What needs to be done:
Copy exactly, beginning with the line holding "SpaceX Crew-3 astronauts" and ending with the final line of the data beneath this task; copy nothing else, and leave out every picture.

Data shown:
☆ ☆ ☆ ☆ ☆ ☆ ☆
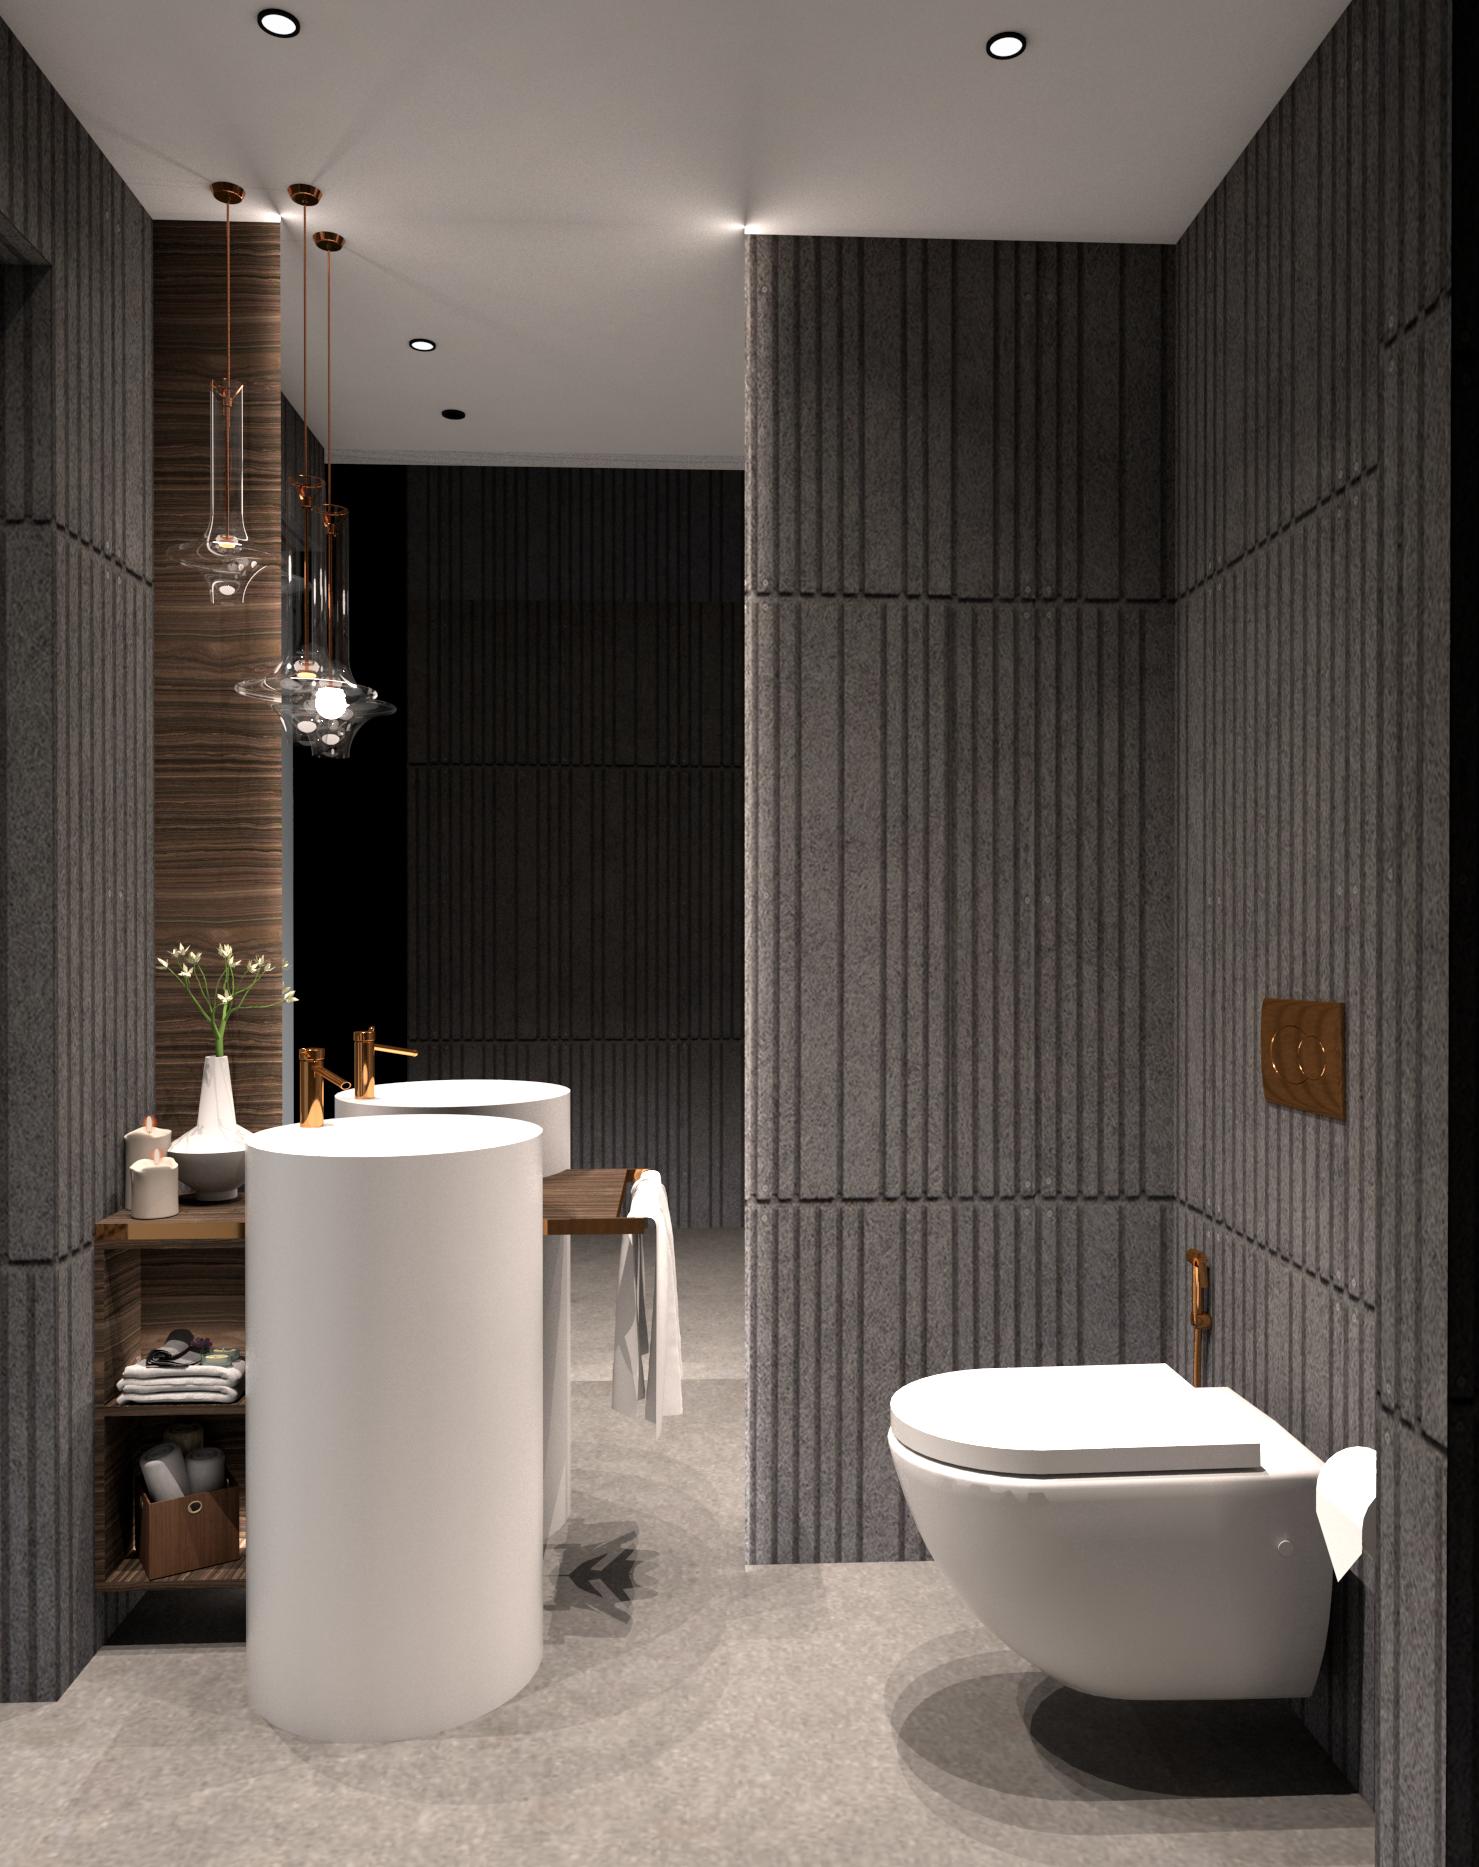 Powder Bathroom 1 (View 2)
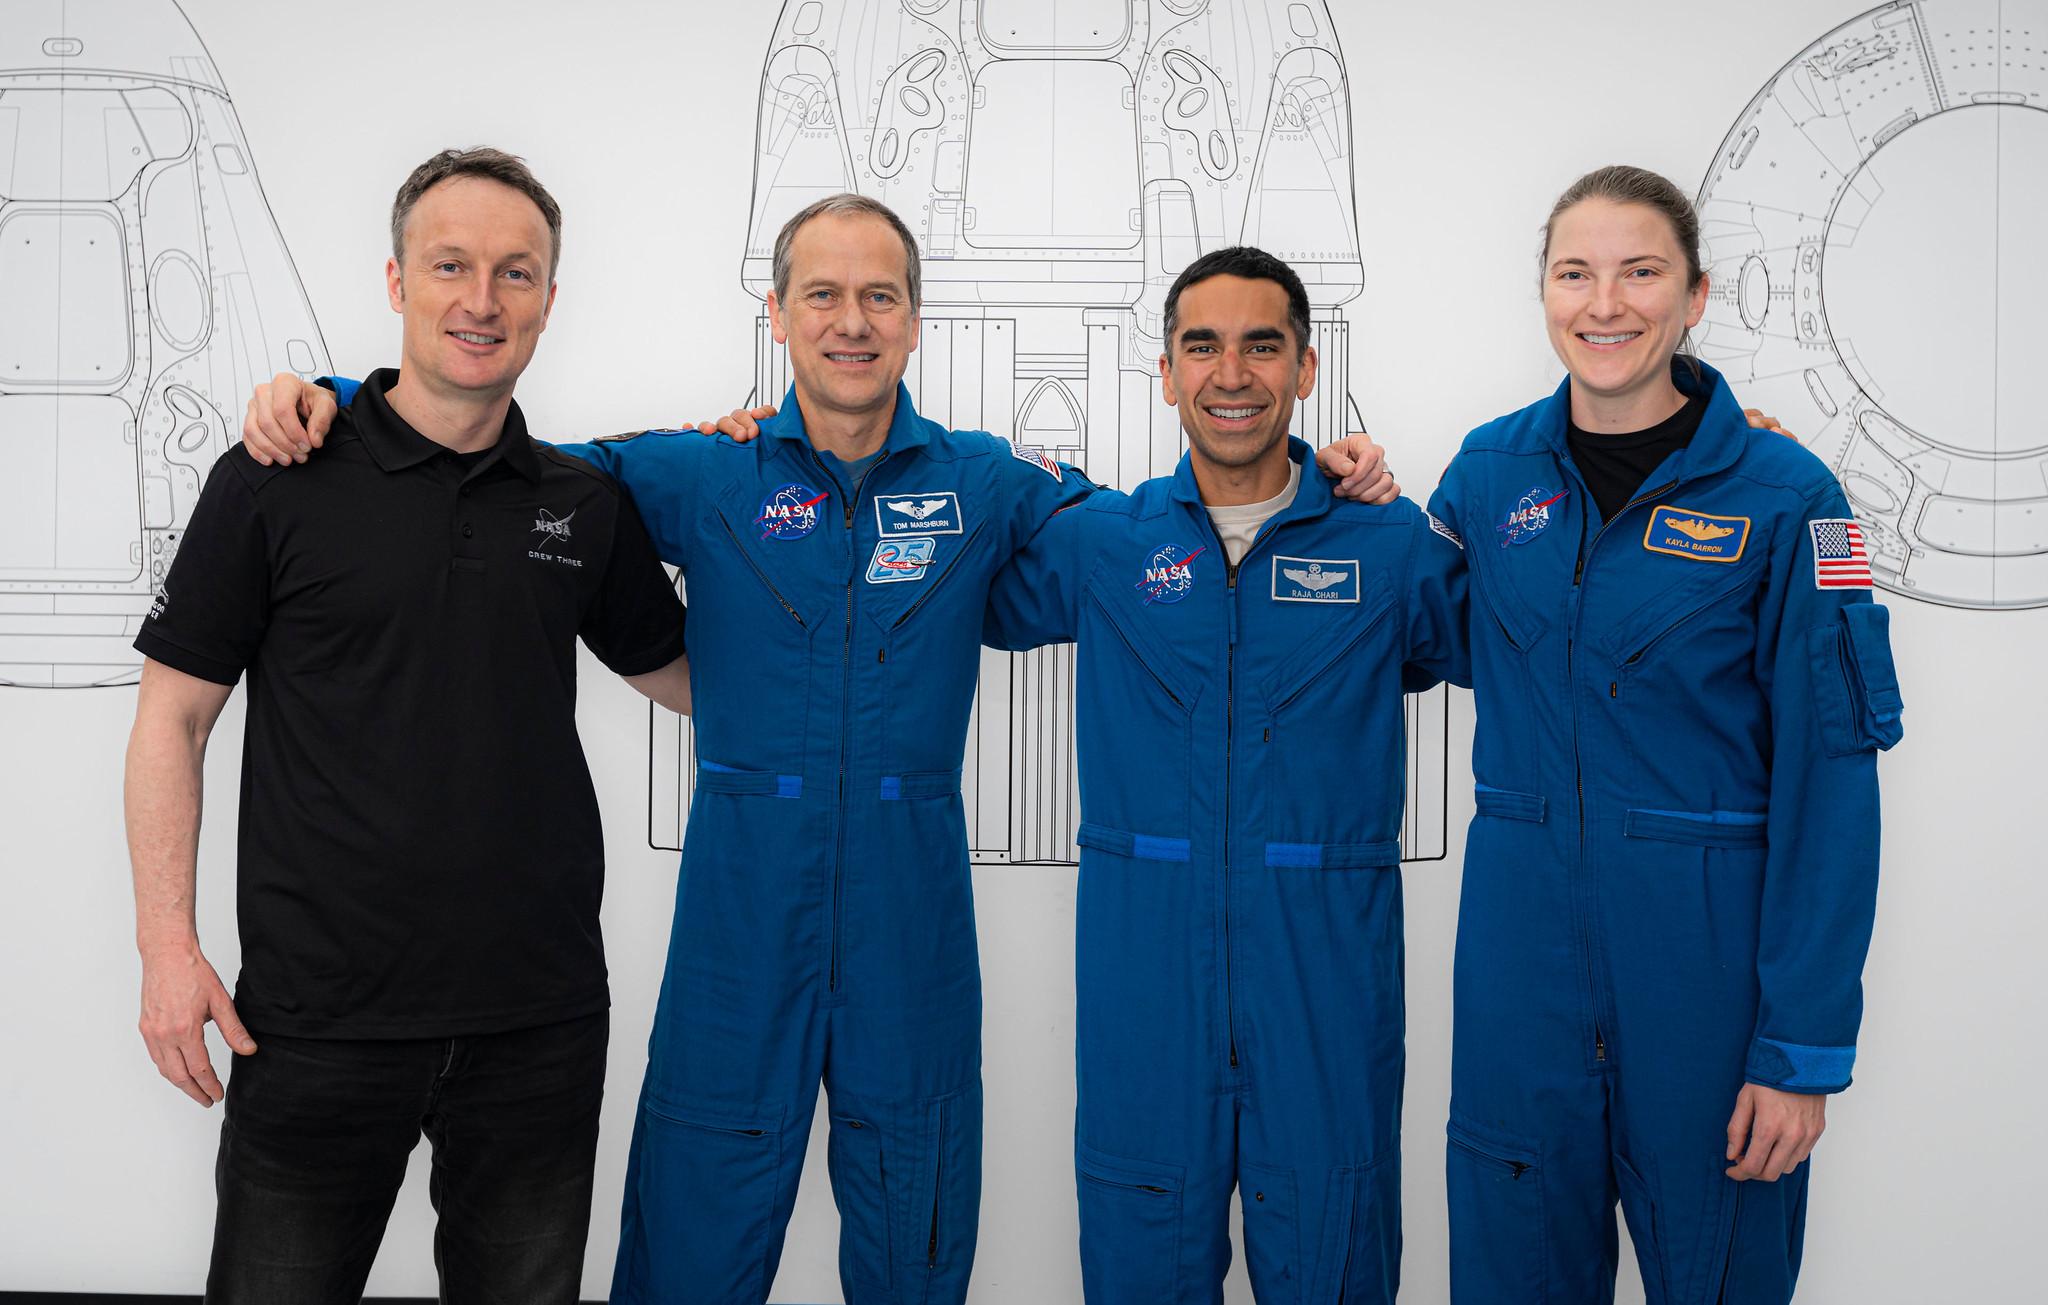 SpaceX Crew-3 astronauts (from left) Matthias Maurer, Thomas Marshburn, Raja Chari and Kayla Barron pose for a portrait during preflight training.
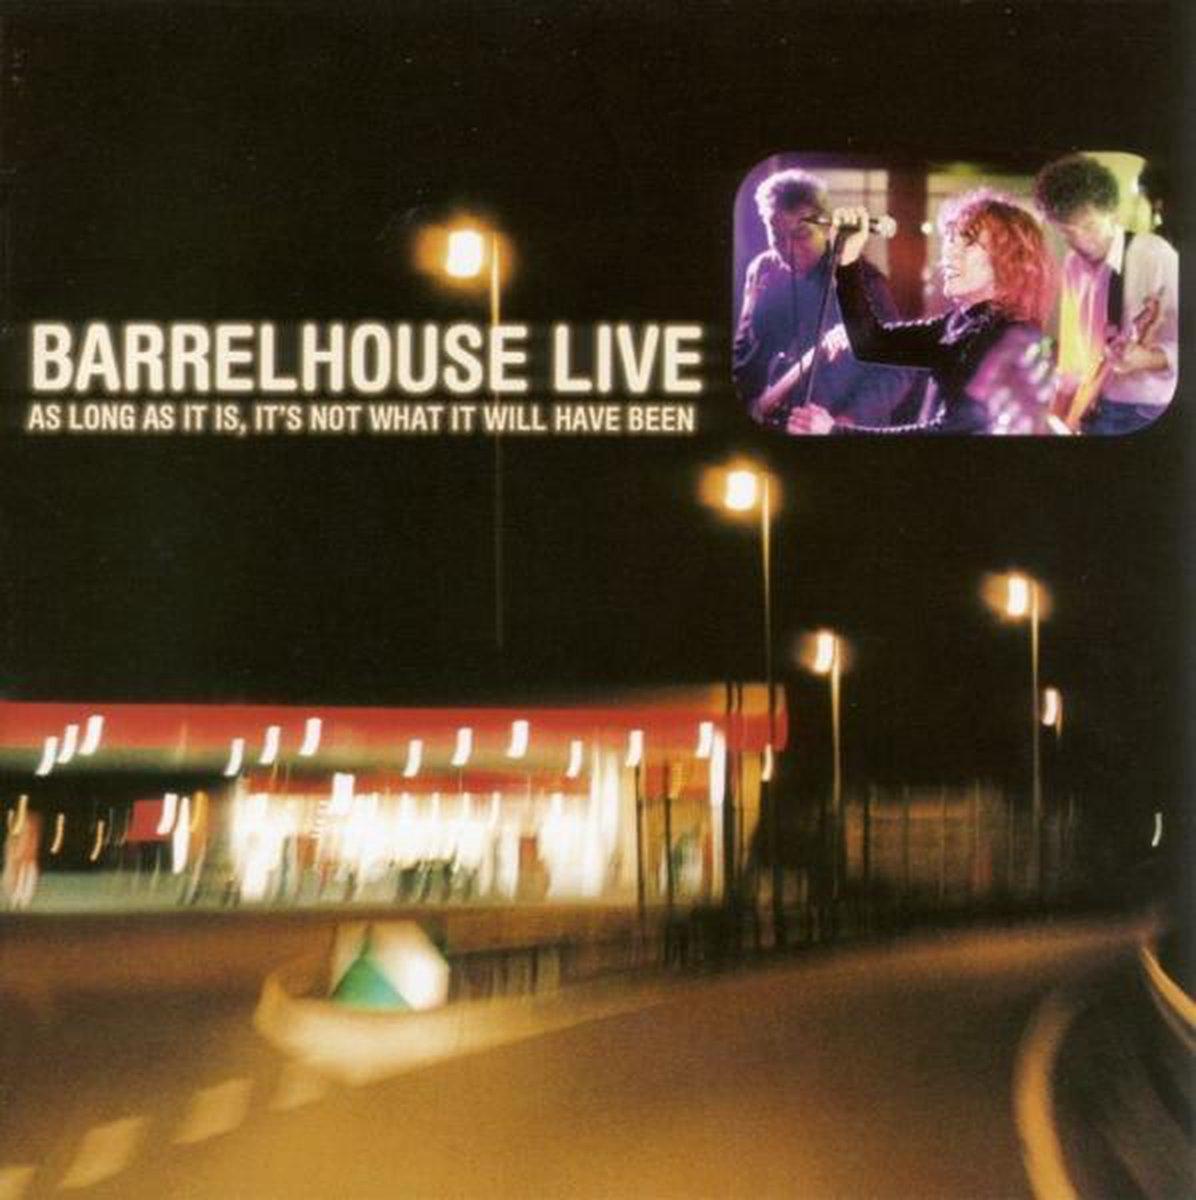 Live As Long As It Is - Barrelhouse
☆ ☆ ☆ ☆ ☆ ☆ ☆
Response box:
 SpaceX Crew-3 astronauts (from left) Matthias Maurer, Thomas Marshburn, Raja Chari and Kayla Barron pose for a portrait during preflight training.
 Live As Long As It Is - Barrelhouse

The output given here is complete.